Concatenate layer output with additional input data

I want to build a CNN model that takes additional input data besides the image at a certain layer.
To do that, I plan to use a standard CNN model, take one of its last FC layers, concatenate it with the additional input data and add FC layers processing both inputs.

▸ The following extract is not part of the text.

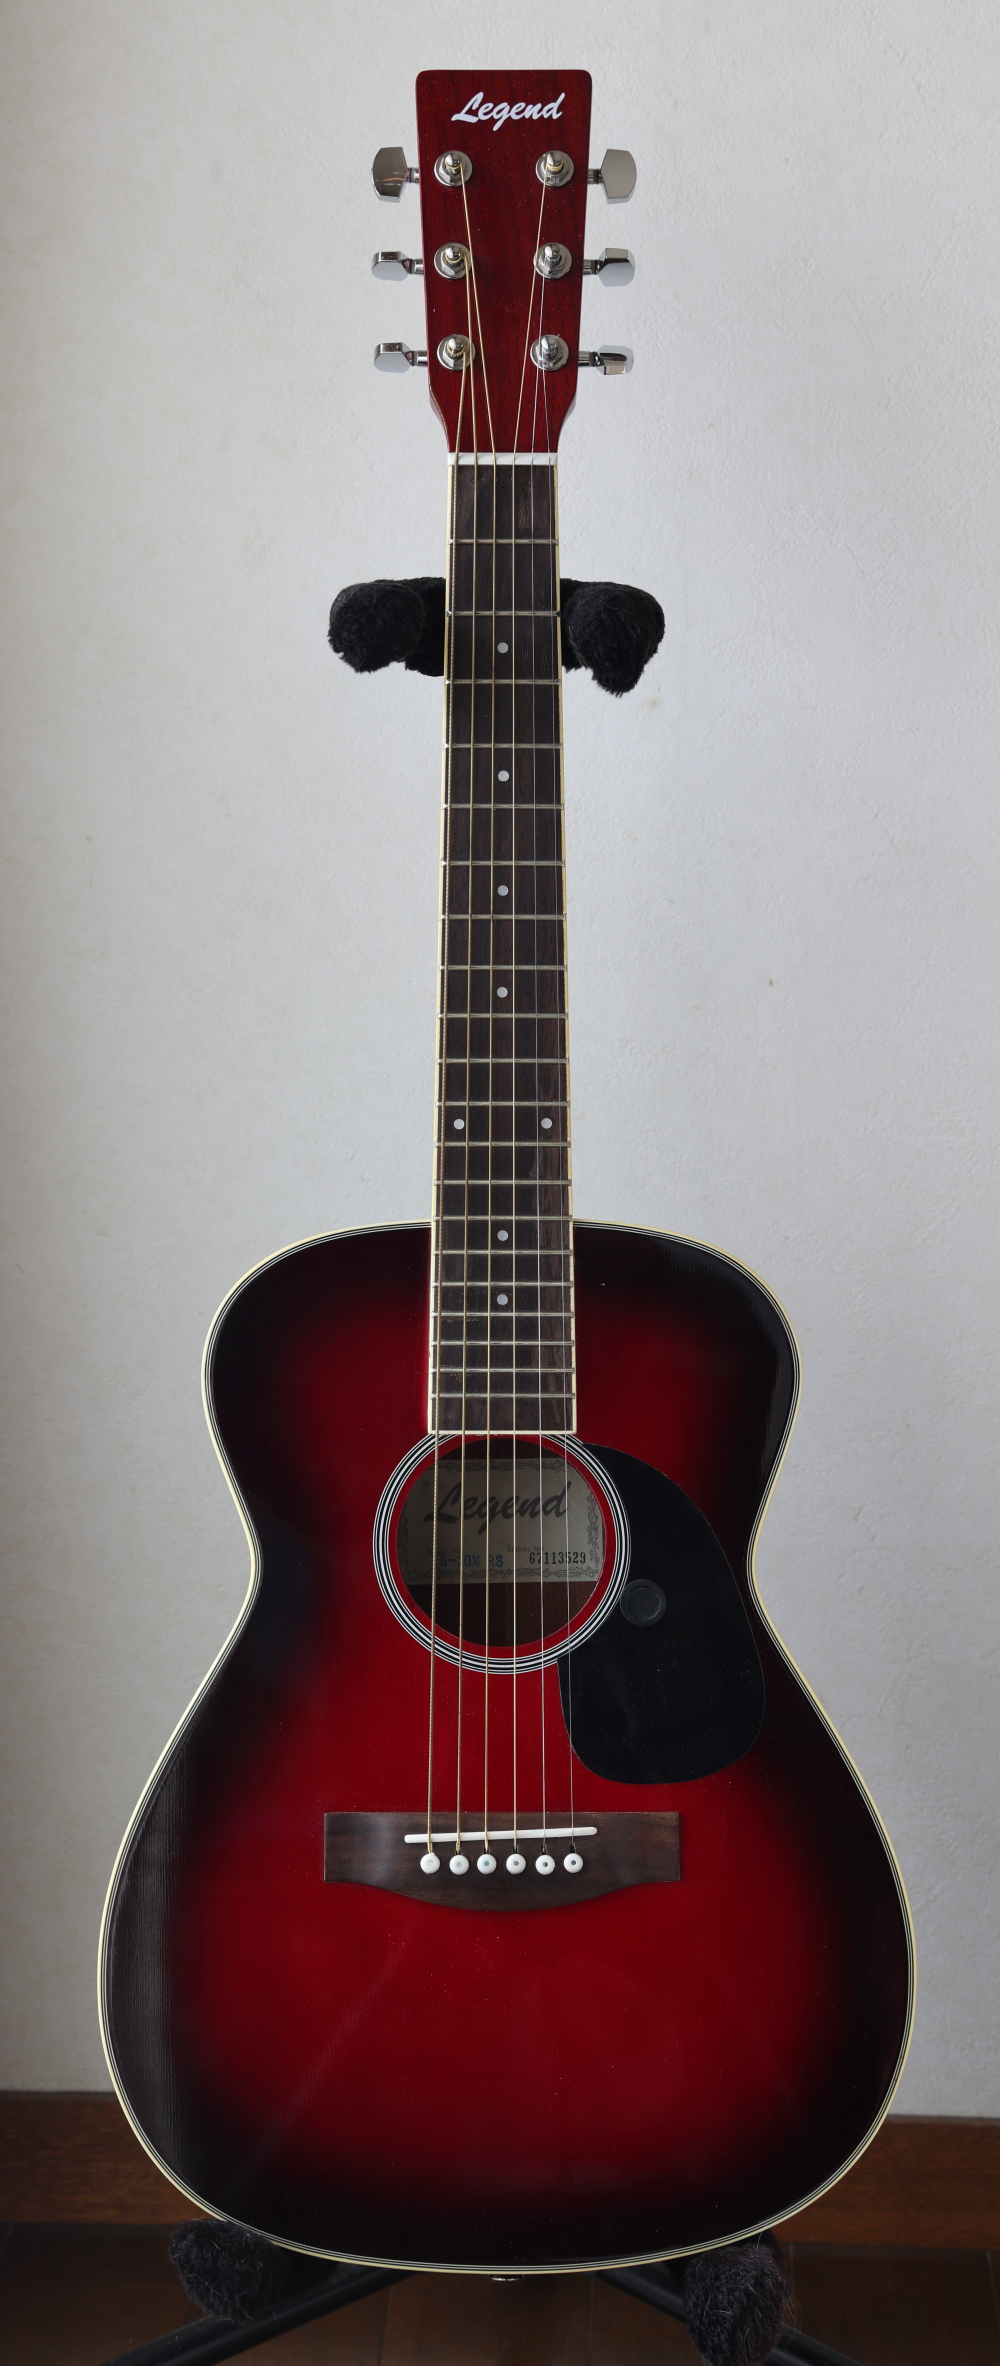 Legend アコースティックギター ミニギター FG-20 3/4RS

The code I need would be something like:

additional_data_dim = 100
output_classes = 2
model = models.__dict__['inception_v3']
# TODO: Concatenate the CNN layer with the additional data
model.fc1 = nn.Linear(2048 + additional_data_dim, 2048 + additional_data_dim)
model.fc2 = nn.Linear(2048 + additional_data_dim, output_classes)

How should I code that?



Here is a small example for your use case:

class MyModel(nn.Module):
    def __init__(self):
        super(MyModel, self).__init__()
        self.cnn = models.inception_v3(pretrained=False, aux_logits=False)
        self.cnn.fc = nn.Linear(
            self.cnn.fc.in_features, 20)
        self.fc1 = nn.Linear(20 + 10, 60)
        self.fc2 = nn.Linear(60, 5)
    def forward(self, image, data):
        x1 = self.cnn(image)
        x2 = data
        x =, x2), dim=1)
        x = F.relu(self.fc1(x))
        x = self.fc2(x)
        return x

model = MyModel()

batch_size = 2
image = torch.randn(batch_size, 3, 299, 299)
data = torch.randn(batch_size, 10)

output = model(image, data)

I chose random values for the linear layers, so you should use your constrains like additional_data_dim.


Thank you! Understood, working on it!

hello, if I would I have two models and I want to concatenate the last layer, so the last layer is shared. can I use the same approach ?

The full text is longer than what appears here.